Welcome to the Missouri Bicentennial Minute from the State Historical Society of Missouri. Missourians could choose a wide array of medicines from stores in 1821. Many were types of patent medicines. Most were probably of limited effectiveness, but at least some of the ones classified as “bitters,” when mixed with liquor, made a variety of mixed drinks.
A number of these were opiates. Bateman’s Drops for chest and other complaints and laudanum and paregoric for pain relief, and Godrey’s Cordial, amazingly used to treat some ailments of infants, are examples. Others included Stoughton’s Bitters, an alcohol and herbal concoction for gout; Anderson’s, Lee’s and Hahn’s Pills; British oil, which was a liniment containing ammonia; liquorice ball, used as a mild laxative; and Opodeldoc, a soap and camphor liniment which actually has come degree of effectiveness.

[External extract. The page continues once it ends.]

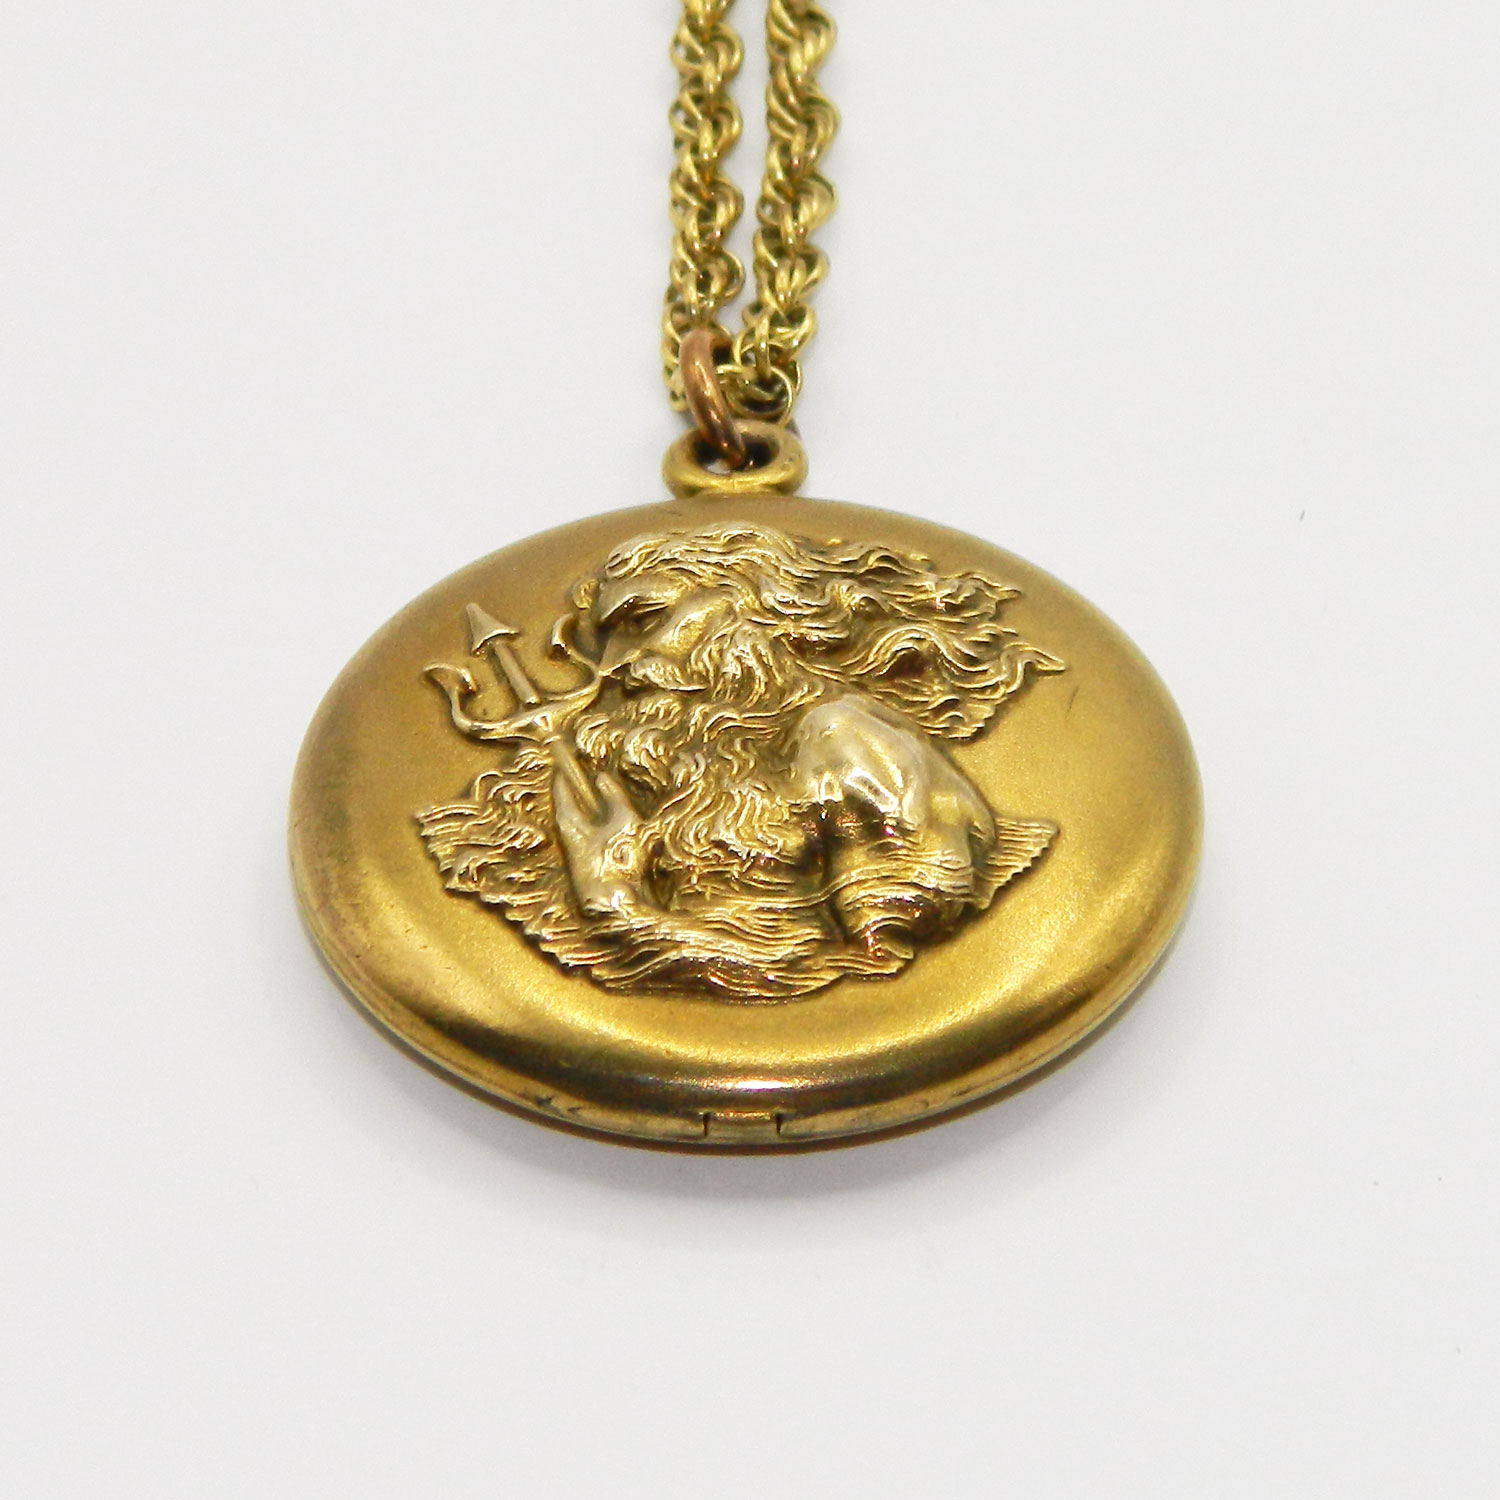 Antique Neptune locket necklace

Depending on which craftsmen already had businesses in a community, the store might have tin ware, leather, and finished items such as coffee mills.
While most Missourians either grew or had access to sheep for wool and flax for linen, these cloths were on the heavy side for warm weather. Inexpensive cotton cloth was cooler to wear in summer, and mass production in eastern mills and resulting lower prices occurred by 1820. Stores stocked inexpensive muslin, plaid prints, shirting cloth, chambray, and calicoes. A variety of other cloth types were available, but were more expensive—different colors, Irish linen, cashmere, and rarely silk. Wool blankets, including Mackinaw or Hudson’s Bay Point, were available.
Finally, clothing items rounded out the inventory at the mercantile store in 1821. Most of these were out of reach for the average citizen, but they might purchase a hat if no hatter operated in their settlement.